While it's true that in general you shouldn't rely on a hash code implementation remaining the same, it's now documented behaviour for java.lang.String, so changing it would count as breaking existing contracts.

Wherever possible, you shouldn't rely on hash codes staying the same across versions etc - but in my mind java.lang.String is a special case simply because the algorithm has been specified... so long as you're willing to abandon compatibility with releases before the algorithm was specified, of course.

• 9
  The documented behaviour of String has been specified since Java 1.2 In v1.1 of the API, the hash code computation is not specified for the String class.

  Martin OConnor

  – Martin OConnor

  2009年04月24日 11:34:07 +00:00

  Commented Apr 24, 2009 at 11:34
• In this case we better write our own hashing codes 'ight matey?

  Felype

  – Felype

  2013年06月18日 10:39:50 +00:00

  Commented Jun 18, 2013 at 10:39
• @Felype: I really don't know what you're trying to say here, I'm afraid.

  Jon Skeet

  – Jon Skeet

  2013年06月18日 11:30:47 +00:00

  Commented Jun 18, 2013 at 11:30
• @JonSkeet I mean, in this case we may perhaps write our own code to generate our own hash, to grant portability. Is it?

  Felype

  – Felype

  2013年06月19日 16:16:49 +00:00

  Commented Jun 19, 2013 at 16:16
• 1
  most java code simply don't run in pre-1.4. it is safe to assume it is consistent.

  J-16 SDiZ

  – J-16 SDiZ

  2014年11月27日 10:50:15 +00:00

  Commented Nov 27, 2014 at 10:50

I found something about JDK 1.0 and 1.1 and>= 1.2:

In JDK 1.0.x and 1.1.x the hashCode function for long Strings worked by sampling every nth character. This pretty well guaranteed you would have many Strings hashing to the same value, thus slowing down Hashtable lookup. In JDK 1.2 the function has been improved to multiply the result so far by 31 then add the next character in sequence. This is a little slower, but is much better at avoiding collisions. Source: http://mindprod.com/jgloss/hashcode.html

Something different, because you seem to need a number: How about using CRC32 or MD5 instead of hashcode and you are good to go - no discussions and no worries at all...

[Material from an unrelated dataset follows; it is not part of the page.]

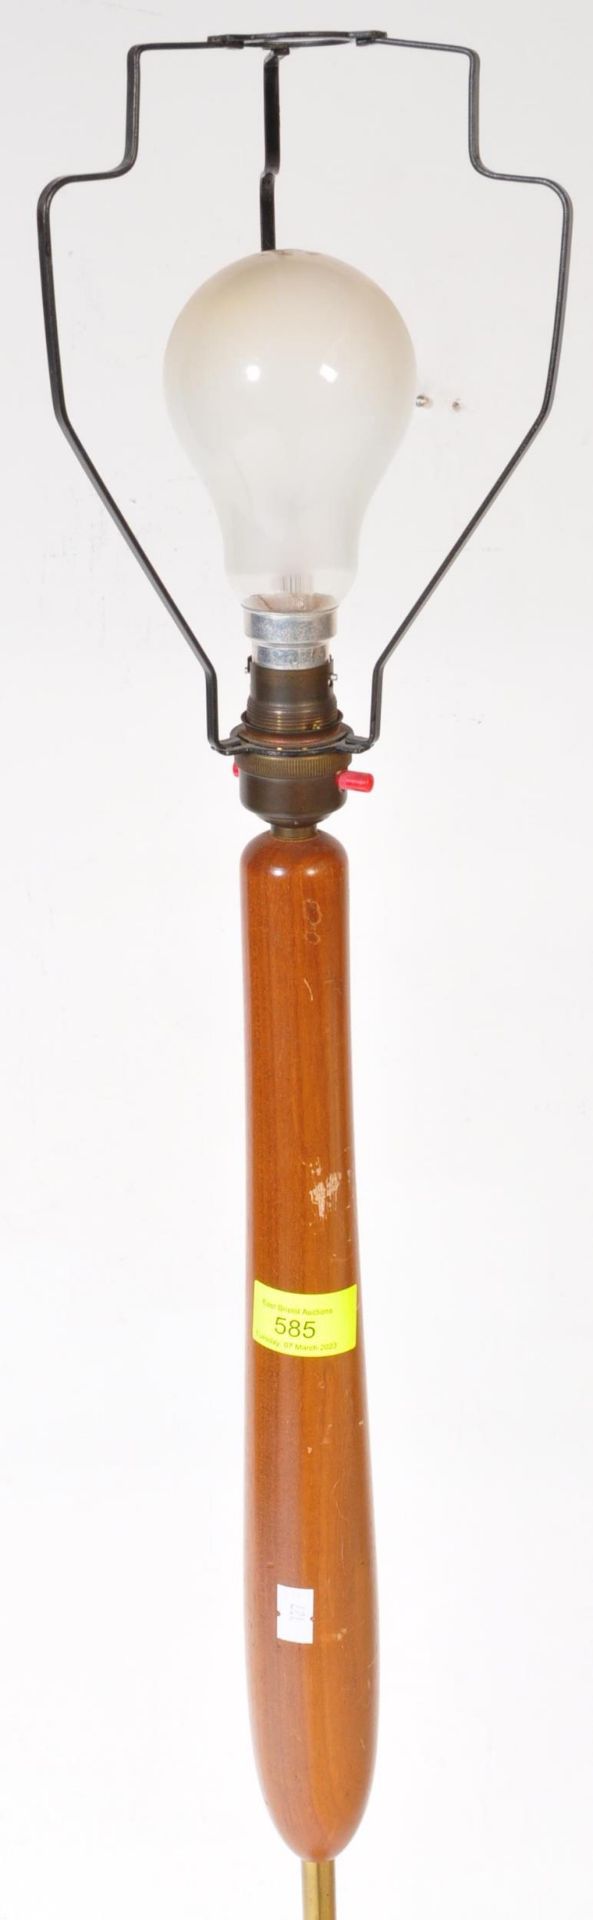 RETRO VINTAGE DANISH INSPIRED TEAK FLOOR STANDARD LAMP - Image 4 of 4

You should not rely on a hash code being equal to a specific value. Just that it will return consistent results within the same execution. The API docs say the following :

The general contract of hashCode is:

• Whenever it is invoked on the same object more than once during an execution of a Java application, the hashCode method must consistently return the same integer, provided no information used in equals comparisons on the object is modified. This integer need not remain consistent from one execution of an application to another execution of the same application.

EDIT Since the javadoc for String.hashCode() specifies how a String's hash code is computed, any violation of this would violate the public API specification.

• 1
  Your answer is valid, but does not address the specific question asked.

  knorv

  – knorv

  2009年04月24日 09:18:47 +00:00

  Commented Apr 24, 2009 at 9:18
• 7
  That's the general hash code contract - but the specific contract for String gives details of the algorithm, and effectively overrides this general contract IMO.

  Jon Skeet

  – Jon Skeet

  2009年04月24日 09:33:19 +00:00

  Commented Apr 24, 2009 at 9:33

As said above, in general you should not rely on the hash code of a class remaining the same. Note that even subsequent runs of the same application on the same VM may produce different hash values. AFAIK the Sun JVM's hash function calculates the same hash on every run, but that's not guaranteed.

Note that this is not theoretical. The hash function for java.lang.String was changed in JDK1.2 (the old hash had problems with hierarchical strings like URLs or file names, as it tended to produce the same hash for strings which only differed at the end).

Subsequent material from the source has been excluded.